In case you could not finish in time, please let the teaching assistants know and submit a written document with your trees (the ones you made with FigTree) and 15-30 lines (or more if you are inspired) answering the questions in Step 3. Do not forget to indicate which question you worked with and which species were included in the dataset. Exceptionally one submission by group is allowed - but remember to state the people involved.
This is the end of the lab, please make sure that you completed and wrote down the answers to all of the questions.
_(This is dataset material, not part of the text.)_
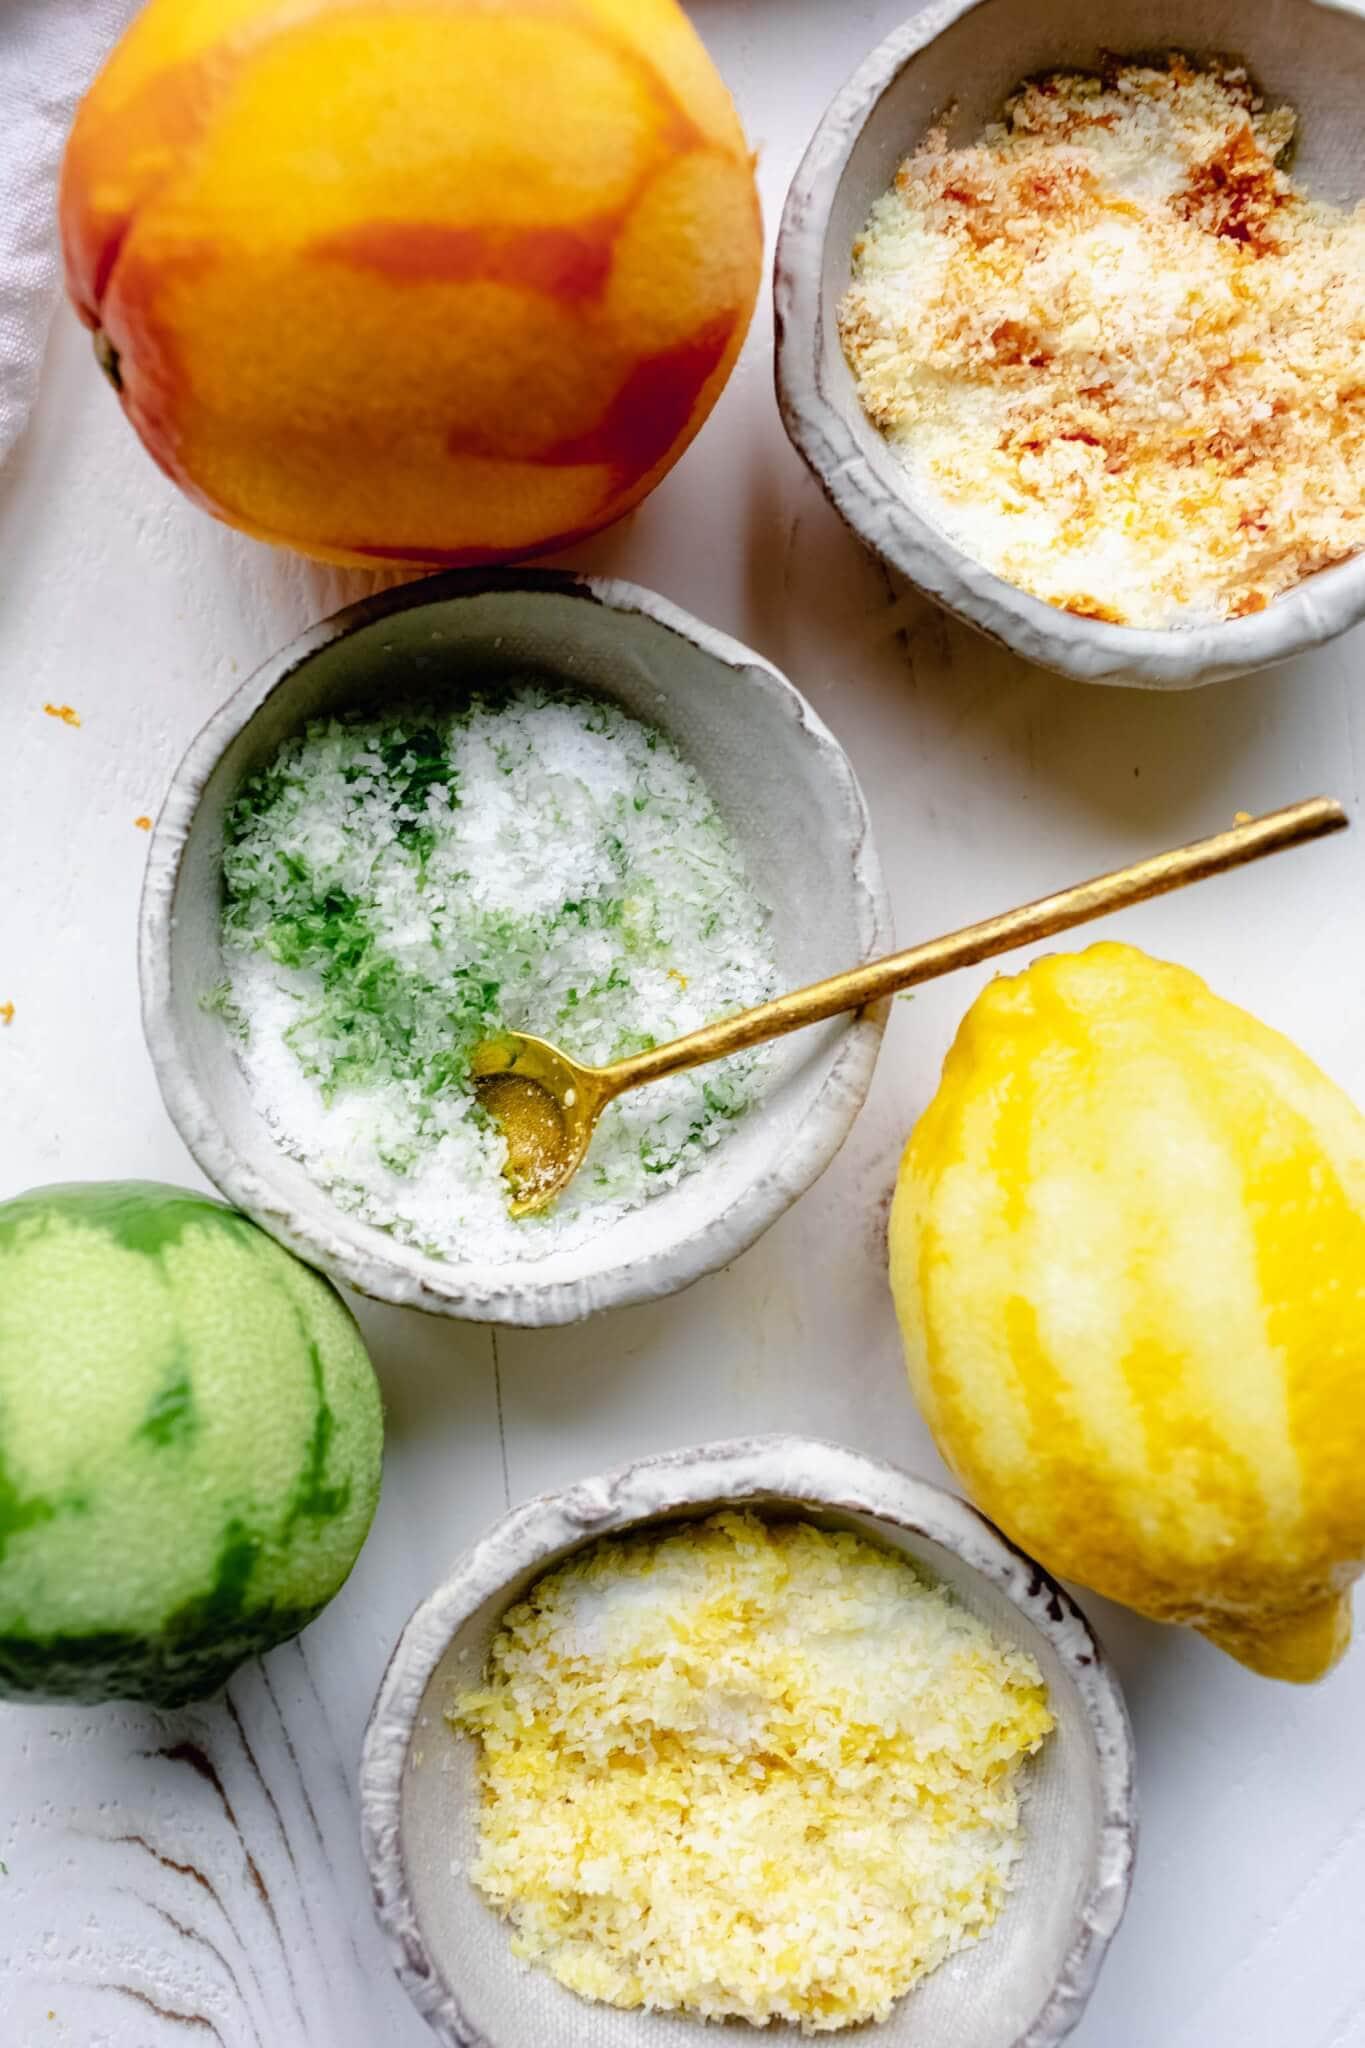 Overhead shot of three types of citrus salt - orange, lime and lemon
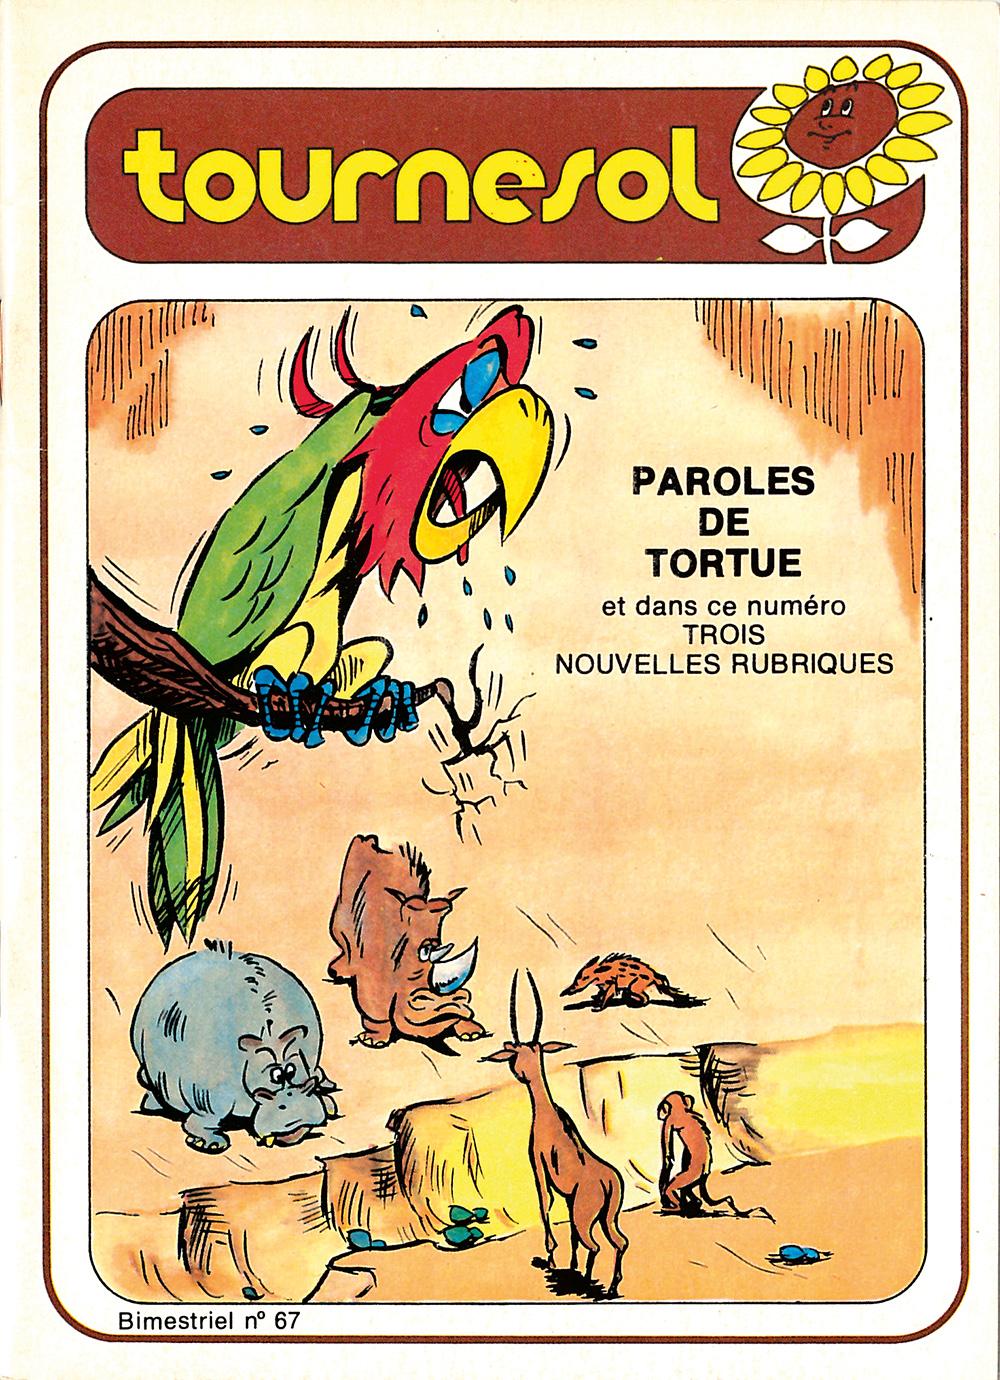 Tournesol - 1978

Upload the scripts (code) that you were asked to submit to studium in the original format (i.e. .py or .sh), no pdf
or word files! Any answers that are not code should of course be in text formats such as .pdf, .txt & .docx
.
Also, make sure to delete any files that you no longer need - you can copy them somewhere else if you want to keep them. This goes for both the Unix computers and Uppmax.
Obs! As this is the last session, this step is extra important. We won't delete anything before March 31 (from the Uppmax project), but afterwards we do not guarantee that the data will be kept. If for some reason you need access to the project after that date, please let the teaching assistants know.